(The data)

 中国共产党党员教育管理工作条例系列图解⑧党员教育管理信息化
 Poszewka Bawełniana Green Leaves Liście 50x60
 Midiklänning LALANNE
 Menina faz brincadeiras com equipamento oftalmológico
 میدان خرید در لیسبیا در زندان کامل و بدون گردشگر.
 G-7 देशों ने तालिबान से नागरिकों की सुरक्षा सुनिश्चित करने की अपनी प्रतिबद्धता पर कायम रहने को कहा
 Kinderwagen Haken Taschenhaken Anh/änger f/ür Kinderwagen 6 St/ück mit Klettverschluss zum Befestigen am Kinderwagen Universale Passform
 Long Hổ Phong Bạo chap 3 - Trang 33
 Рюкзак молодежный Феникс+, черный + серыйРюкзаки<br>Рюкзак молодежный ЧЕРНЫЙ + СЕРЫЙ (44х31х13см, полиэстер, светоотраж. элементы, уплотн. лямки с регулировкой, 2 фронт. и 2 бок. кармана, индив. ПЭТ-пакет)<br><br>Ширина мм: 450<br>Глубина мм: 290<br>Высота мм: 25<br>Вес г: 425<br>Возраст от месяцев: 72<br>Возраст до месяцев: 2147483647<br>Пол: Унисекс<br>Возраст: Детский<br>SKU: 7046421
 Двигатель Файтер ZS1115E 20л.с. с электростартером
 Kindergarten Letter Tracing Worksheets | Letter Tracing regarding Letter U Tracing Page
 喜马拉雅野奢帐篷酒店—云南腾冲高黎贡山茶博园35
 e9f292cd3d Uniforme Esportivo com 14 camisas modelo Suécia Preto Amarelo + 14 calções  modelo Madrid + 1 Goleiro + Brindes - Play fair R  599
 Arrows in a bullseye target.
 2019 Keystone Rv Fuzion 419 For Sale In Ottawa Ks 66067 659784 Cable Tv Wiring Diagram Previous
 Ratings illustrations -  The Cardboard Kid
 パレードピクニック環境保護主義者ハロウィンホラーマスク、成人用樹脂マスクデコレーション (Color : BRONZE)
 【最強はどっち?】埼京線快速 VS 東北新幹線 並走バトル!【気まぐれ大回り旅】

(End The data)

Instructions for the task: Retype exactly, please, only the lines of the entries that run from the one containing "Menina faz brincadeiras" to the last.

Solution below:
 Menina faz brincadeiras com equipamento oftalmológico
 میدان خرید در لیسبیا در زندان کامل و بدون گردشگر.
 G-7 देशों ने तालिबान से नागरिकों की सुरक्षा सुनिश्चित करने की अपनी प्रतिबद्धता पर कायम रहने को कहा
 Kinderwagen Haken Taschenhaken Anh/änger f/ür Kinderwagen 6 St/ück mit Klettverschluss zum Befestigen am Kinderwagen Universale Passform
 Long Hổ Phong Bạo chap 3 - Trang 33
 Рюкзак молодежный Феникс+, черный + серыйРюкзаки<br>Рюкзак молодежный ЧЕРНЫЙ + СЕРЫЙ (44х31х13см, полиэстер, светоотраж. элементы, уплотн. лямки с регулировкой, 2 фронт. и 2 бок. кармана, индив. ПЭТ-пакет)<br><br>Ширина мм: 450<br>Глубина мм: 290<br>Высота мм: 25<br>Вес г: 425<br>Возраст от месяцев: 72<br>Возраст до месяцев: 2147483647<br>Пол: Унисекс<br>Возраст: Детский<br>SKU: 7046421
 Двигатель Файтер ZS1115E 20л.с. с электростартером
 Kindergarten Letter Tracing Worksheets | Letter Tracing regarding Letter U Tracing Page
 喜马拉雅野奢帐篷酒店—云南腾冲高黎贡山茶博园35
 e9f292cd3d Uniforme Esportivo com 14 camisas modelo Suécia Preto Amarelo + 14 calções  modelo Madrid + 1 Goleiro + Brindes - Play fair R  599
 Arrows in a bullseye target.
 2019 Keystone Rv Fuzion 419 For Sale In Ottawa Ks 66067 659784 Cable Tv Wiring Diagram Previous
 Ratings illustrations -  The Cardboard Kid
 パレードピクニック環境保護主義者ハロウィンホラーマスク、成人用樹脂マスクデコレーション (Color : BRONZE)
 【最強はどっち?】埼京線快速 VS 東北新幹線 並走バトル!【気まぐれ大回り旅】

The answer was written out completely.